I think they also got the idea that an explanation for general specification of body parts, for example, may not apply for explaining polarity within a body part; we may have to think about some kind of hierarchy of regulation, where we progressively partition the embryo into smaller and smaller units, with different mechanisms at different scales. They might be catching on to the depths of the problems to come.

Another way the paper primed the students was that it very briefly introduces a whole bunch of specific molecules: dpp, bicoid, sonic hedgehog, activin. They got a very general idea of the broad roles these molecules play, all part of my devious grand plan.
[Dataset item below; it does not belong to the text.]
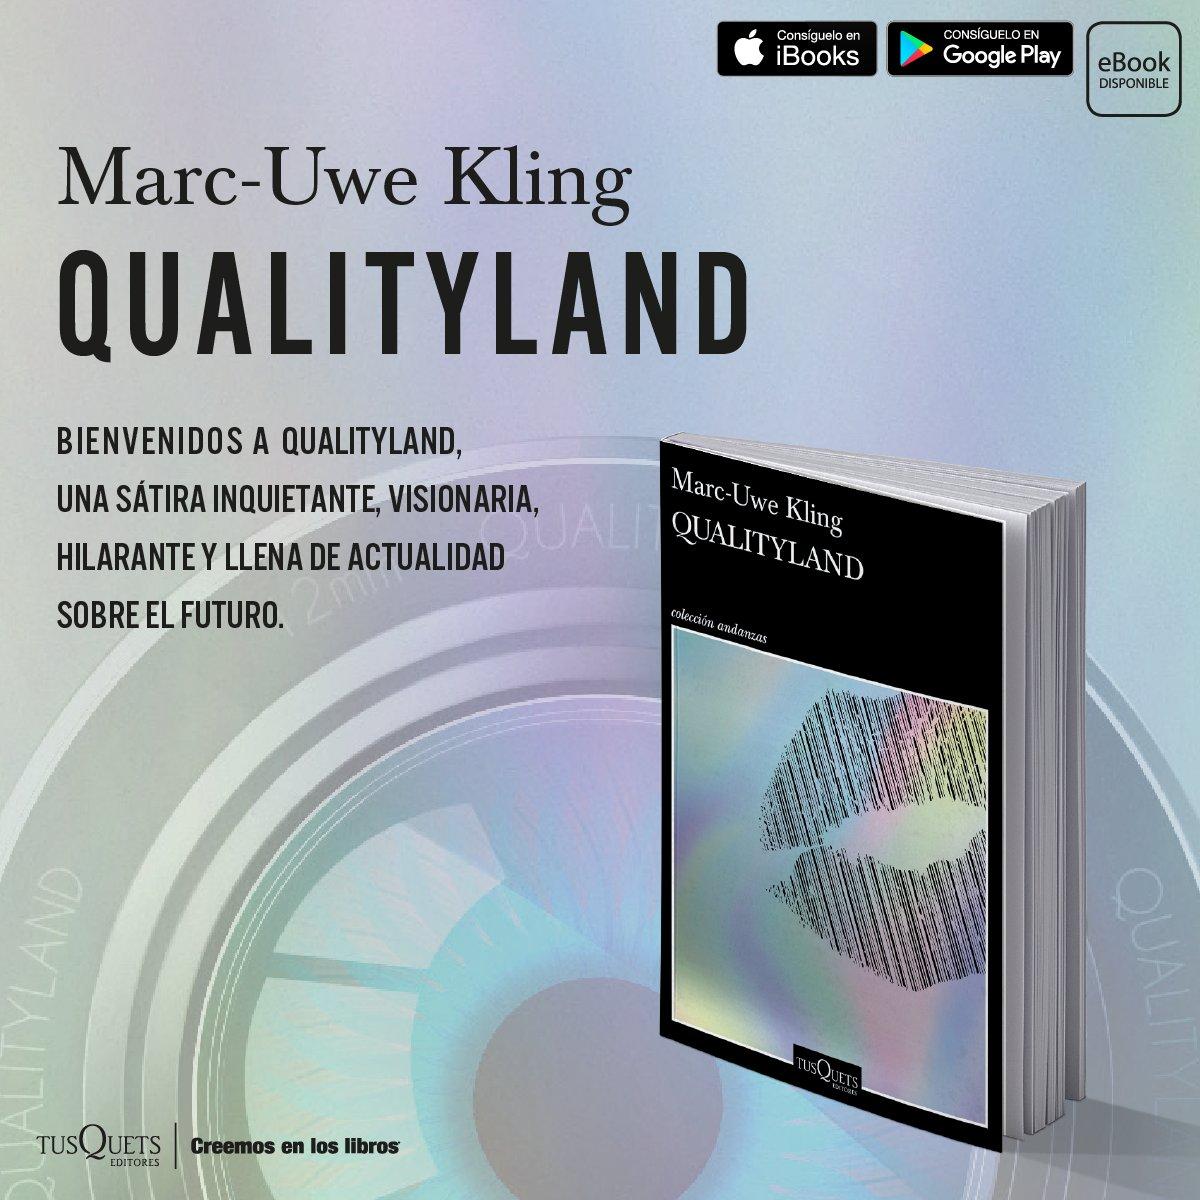 En un futuro no muy lejano, existe QualityLand. Un lugar en donde todo funciona bien.... o al menos eso cree la mayoría.  Muy pronto en librerías. #KeepReadingEnCasa #CreemosEnLosLibros pic.twitter.com/I3Pb9WDTYT

When we start talking about the details of how animals set up dorsal-ventral polarity, for instance, and dpp/BMP start coming up in more specific contexts, I want them to be familiar old friends — molecules they already knew casually and informally, and now see doing very specific things, and interacting with another set of molecules, which now also joins their circle of pals. Before I’m done with them, they’re all going to regard these developmental signals and regulators as part of their family!